I contend that, at best, the war-for-oil scenario is a text with out a context. On a logical level, the oil scenario is a remarkable example of a post hoc, ergo propter hoc fallacy, misplacing the real cause of U.S. military intervention. Moreover, by neglecting the depth of the last two decades of global transformation, the protagonists on the left and the right both have adopted a very voluntaristic-functionalist view of the U.S. global role. The left tends to capitalize on a voluntaristic interpretation of the concept of hegemony and the functionalist pivot of U.S. military might. For Klare, though, the global conflict “is entirely the product of geology.” The right, on the other hand, tends to rely on the notion of a “unipolar” world and wishful arguments of the “bound to lead” variety, without adequate attention to the emerging new polarities associated with the loss of American hegemony and the forces of globalization.

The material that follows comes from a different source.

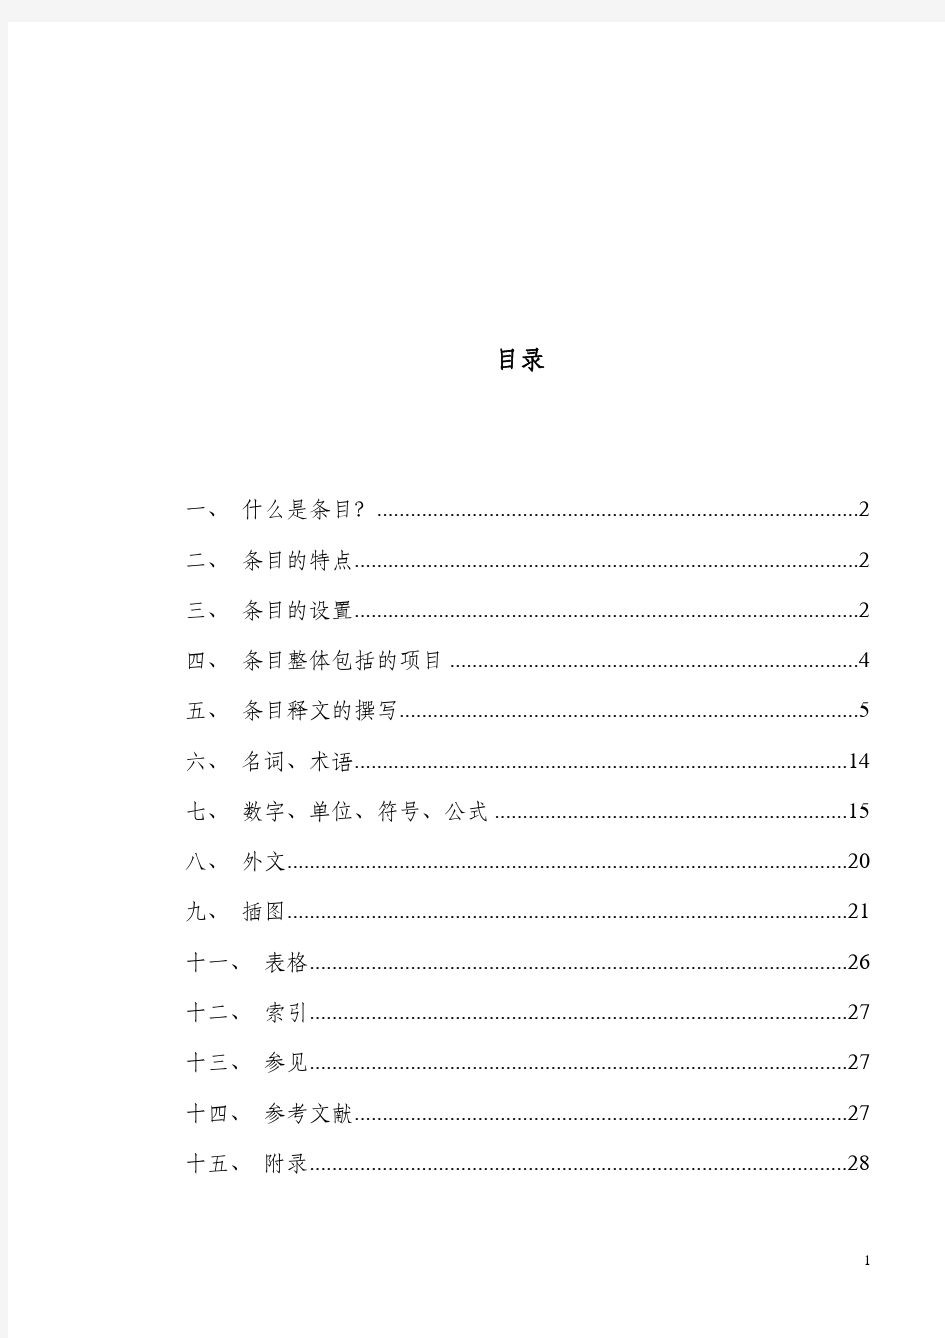 中华医学百科全书条目编写细则

Others on the left, who are obsessively fond of the war-for-oil scenario, argue that this war may not have been for oil in the interest of U.S. capitalism as a whole, but rather in the interest of “U.S. oil corporations.” Hence, they propose that the cost of war amounts to a huge subsidy by the entire society given to the oil industry. This is a fictitious argument derived from the blind assumption of “direct access” and physical control of oil, and absolute denial of the reality of global transformation of the oil industry in the early 1970s. It is also crude and arbitrary, given the reduction of the material interests of the entire (U.S.) capitalist class to the alleged interests of its tiny fraction. And, appealing to casual observation, such as watching news from the Iraqi oil fields and the arrival of oil service contractors for “rebuilding” Iraq, is not sufficient to turn away from serious analysis. The truth is that this adventurous undertaking is in the interest of neither.

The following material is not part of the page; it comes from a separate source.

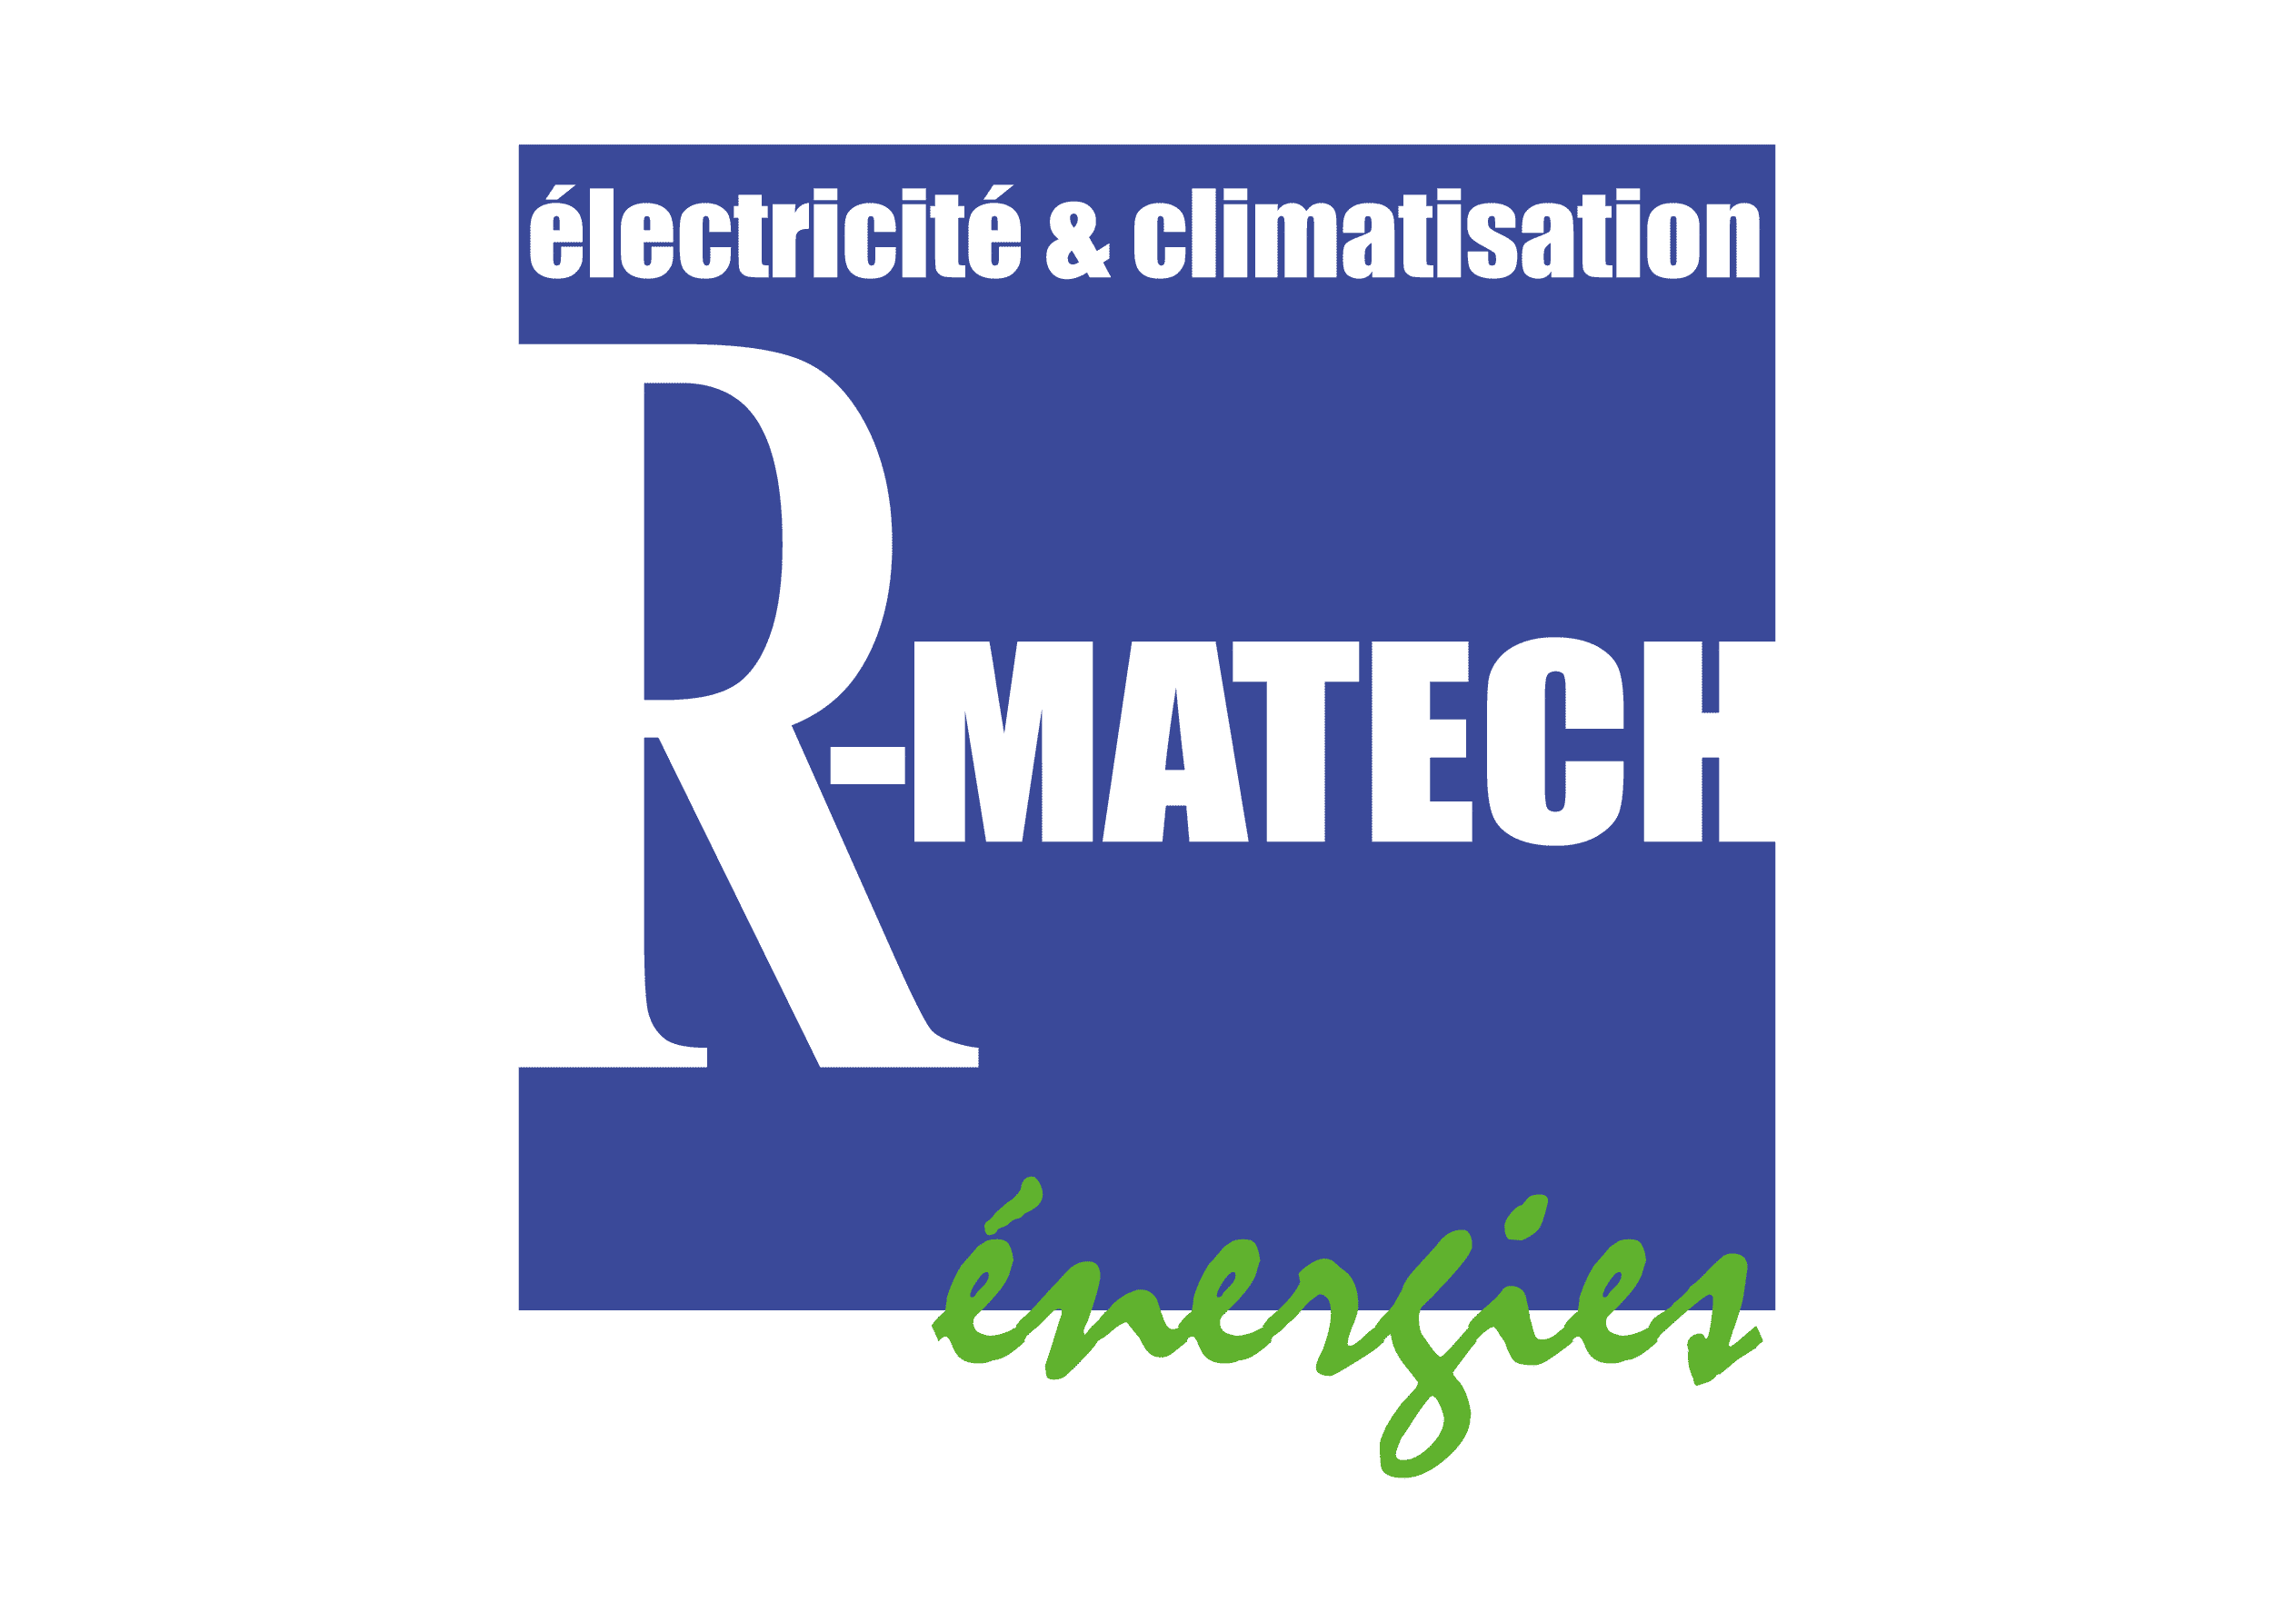 R-matech

Finally, attaching significance to the switching of the currency, from dollar to euro, by OPEC oil producers is unjustified. As Paul Krugman pointed out in a short note, any possible shift from the dollar to the euro on the part of OPEC will result in a “small change,” for the U.S. economy, much smaller than the switching made already by the “Russian Mafia.” However, many on the left are not losing any opportunity to grasp this straw.